At the end of the trial any goodwill each of you had for the other, if there is any, will have been totally destroyed. It is both of you who must be parents of these children until either you or they die. Neither I nor any of these lawyers . . . will be there for you for the remainder of this long journey. We could try to do our best to get you pointed in the right direction and maybe even help you along, but it is only in the first few steps. In the end it is both of you who must raise these children.

If your children could reach into their hearts and tell you exactly what they think and feel about what is going on here, if they could get beyond the hurt we know they must feel, we all know what they would say. First they would say, “I wish Mom and Dad were back together.” Knowing this will not happen, they would say, “I wish they would just stop fighting.” No doubt they love you so much they are probably blaming themselves for your original breakup. It is time you get past the anger and put aside the hurt. You may even have to forgive. The pain that has been caused here arises from the conflict between each of you and has nothing to do with the children.

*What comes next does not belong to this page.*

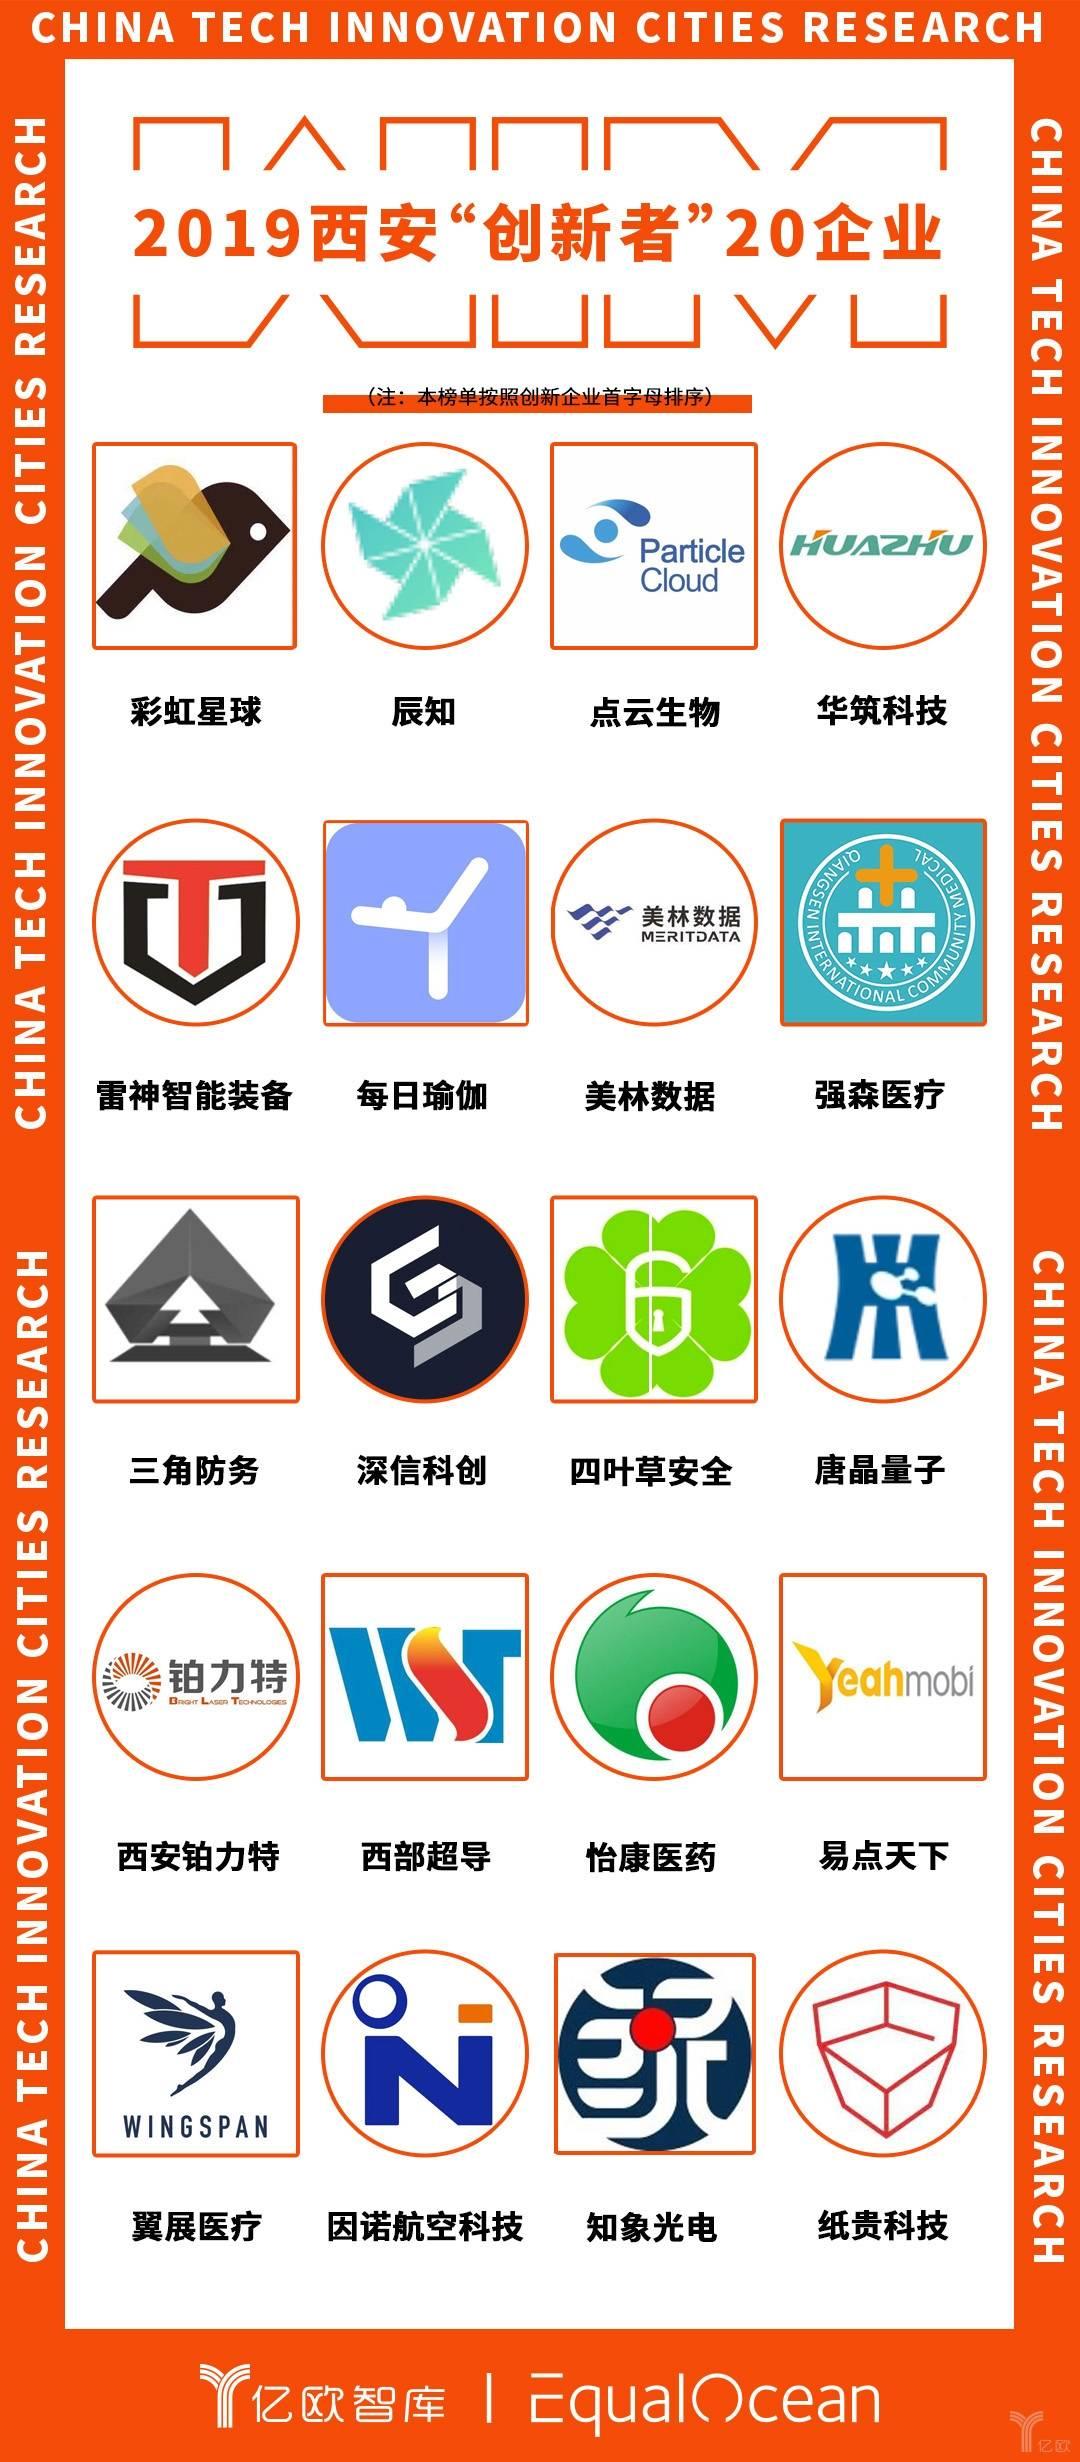 西安-榜单.jpg

Your children want this conflict to end. You have the chance to leave there today with an agreement that is in the best interest of your children. But it is an agreement that you must reach together. You must be willing to put aside your differences and be willing to accommodate each other’s needs. But most importantly you must be ready now to put the needs of your children first. I know that your children want you to settle this case. You can do the right thing and you can start now. Put aside what has happened in the past. This is the judgment day for your children. It’s not about you. And think about the additional damage you are going to cause to these children. I can tell you right now it has happened and it happens every time. Put aside your own egos and swallow them. Leave it is in this courtroom . . . we’ve had a lot of egos left in this courtroom. You don’t see them but I do because I see parents who are willing to put their children’s welfare above their own ego. And they leave it right here and they know and understand what is really best for the children.